Notons que le mot « détermination » ne s’écrit pas forcément toujours avec un D majuscule. Nous pouvons, par exemple, prendre un engagement précis pour une durée limitée. Les obstacles sont parfois épuisants mais si nous décidons de « faire un essai » pendant une semaine, un mois ou un an, nous mettons le doute en suspens pendant ce temps-là et nous orientons toute notre énergie vers la pratique. Quand la limite de temps prévue est atteinte, nous réévaluons la situation et peut-être aurons-nous envie de nous réengager pour une autre période. Il s’agit là d’une méthode de travail très efficace, en particulier sur la voie spirituelle. Nous avons des idées sur la pratique mais elles ne sont généralement pas en phase avec la réalité. Si nous nous appuyons exclusivement sur ces idées, nous serons inévitablement déçus et désillusionnés. Nous pouvons malgré tout les garder temporairement tandis que nous engrangeons une certaine expérience de terrain puis, peu à peu, intégrer la nouvelle expérience aux anciennes idées pour arriver à une compréhension plus sage.

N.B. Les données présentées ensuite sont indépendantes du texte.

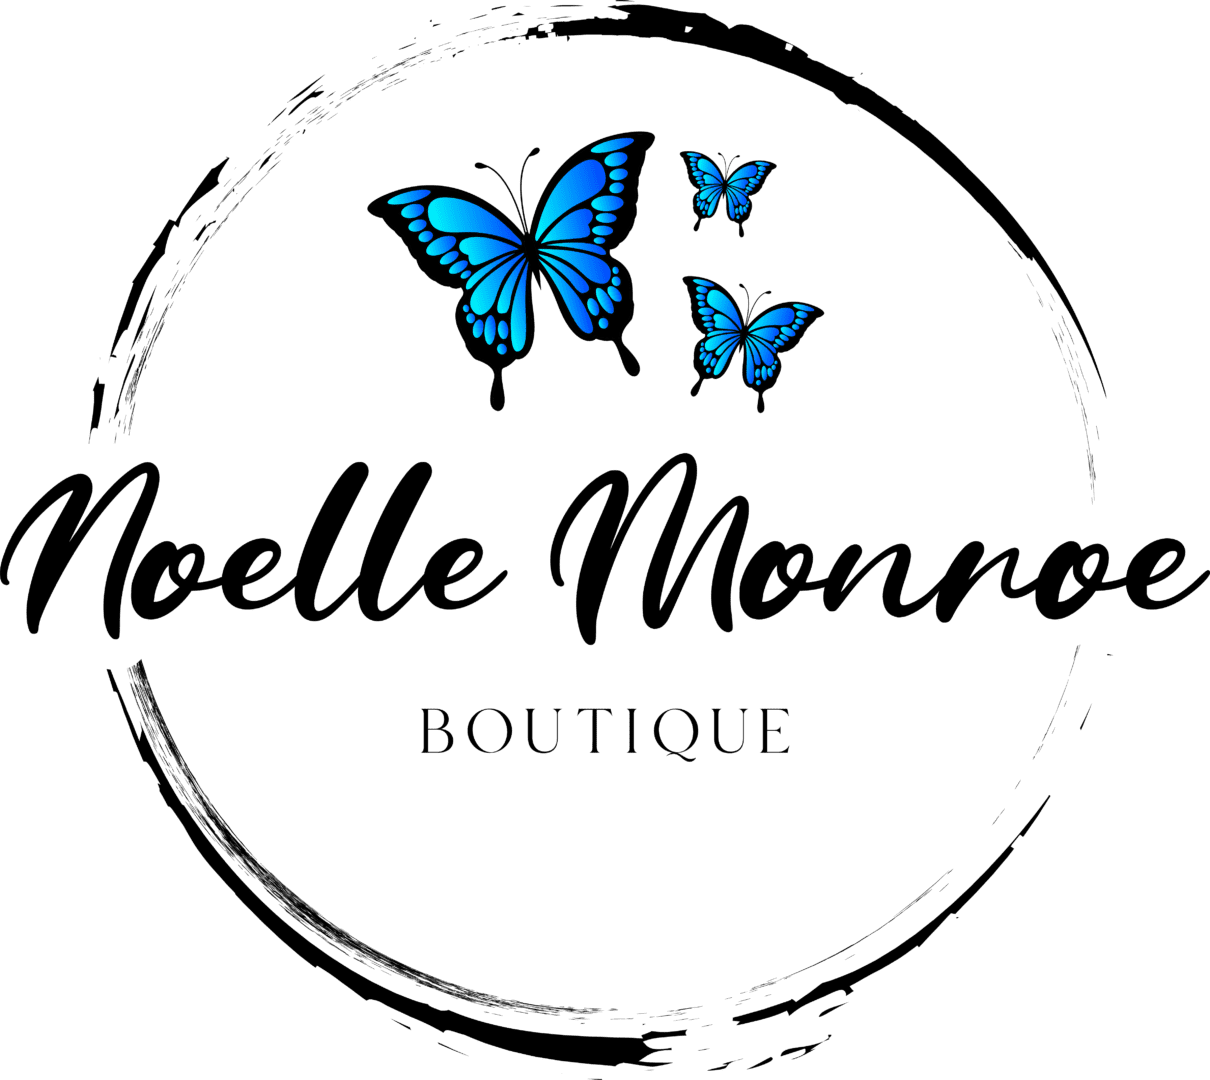 Noelle Monroe Boutique.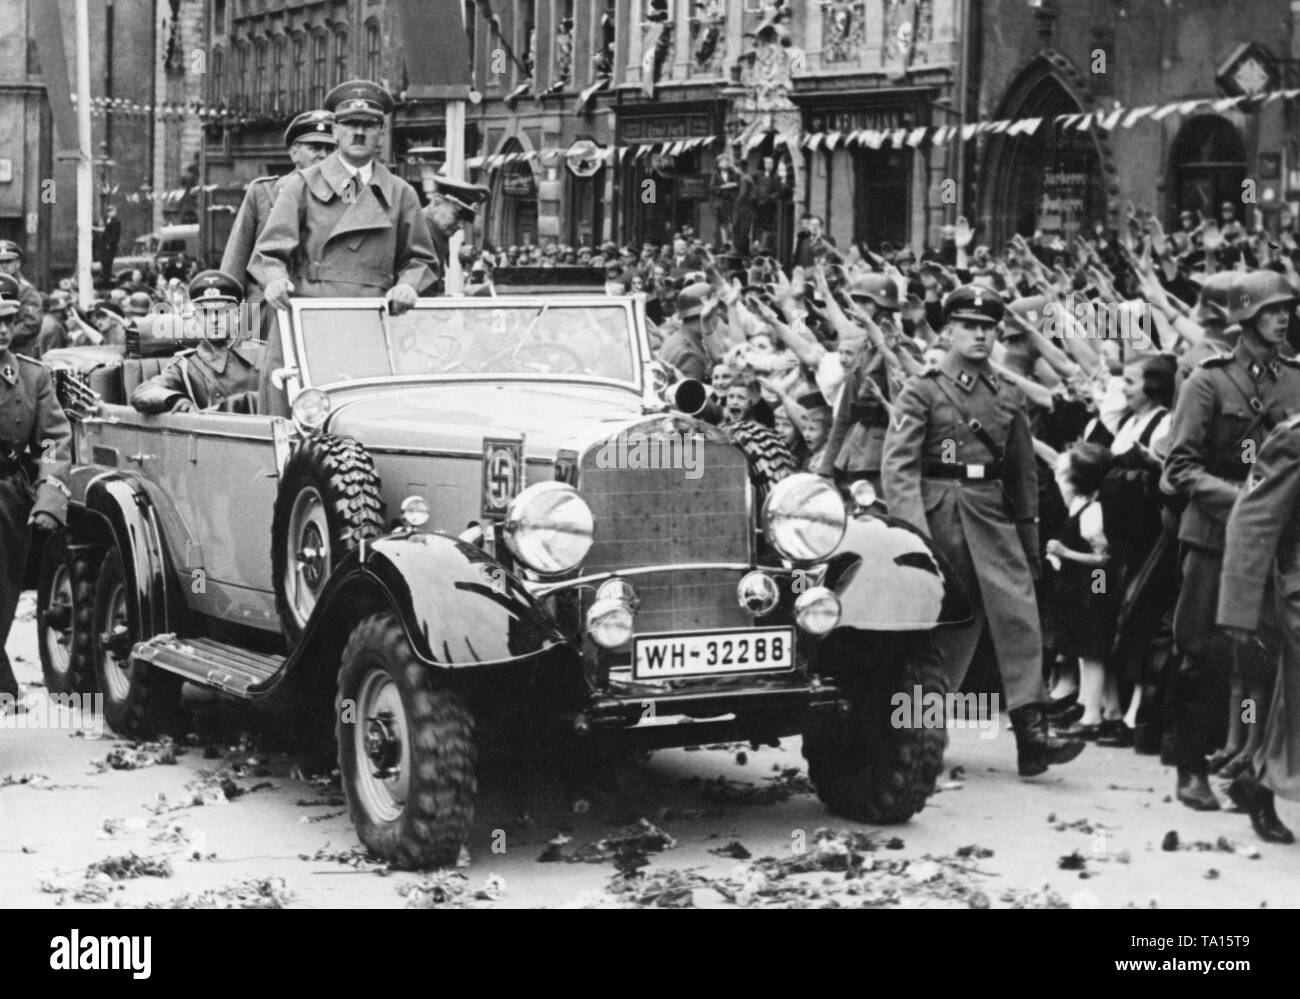 Adolf Hitler in Eger im Sudetenland. Hitlers Autokolonne durch die jubelnde Bevölkerung. Sie sind Gruß ihn mit den Hitlergruß. Adjutant Rudolf Schmundt sitzt auf der linken Seite des Autos, Bodyguards der SS sind zu Fuß neben dem Wagen. Stockfoto

Cela fait longtemps que nous développons et alimentons des habitudes préjudiciables, alors il est bien évident qu’elles ne vont pas disparaître en un jour. Nous pourrons peut-être en résoudre certains aspects mais elles réapparaîtront plus tard sous d’autres aspects, sous une apparence plus subtile, moins perceptible. Je pense que l’une des faiblesses de notre société moderne vient du fait que les gens n’investissent pas assez de patience et de détermination dans leur pratique. Nous sommes tellement habitués à ce que tout arrive instantanément que nous exigeons des résultats immédiats. Mais le fruit du travail sur les obstacles n’est pas simplement d’en être débarrassé. Le fait de les étudier soigneusement, minutieusement, permet d’arriver à une sagesse subtile où nous voyons clairement comment « les cinq obstacles » dont parle le Bouddha consolident l’identification à un moi, source de toutes les formes de souffrance.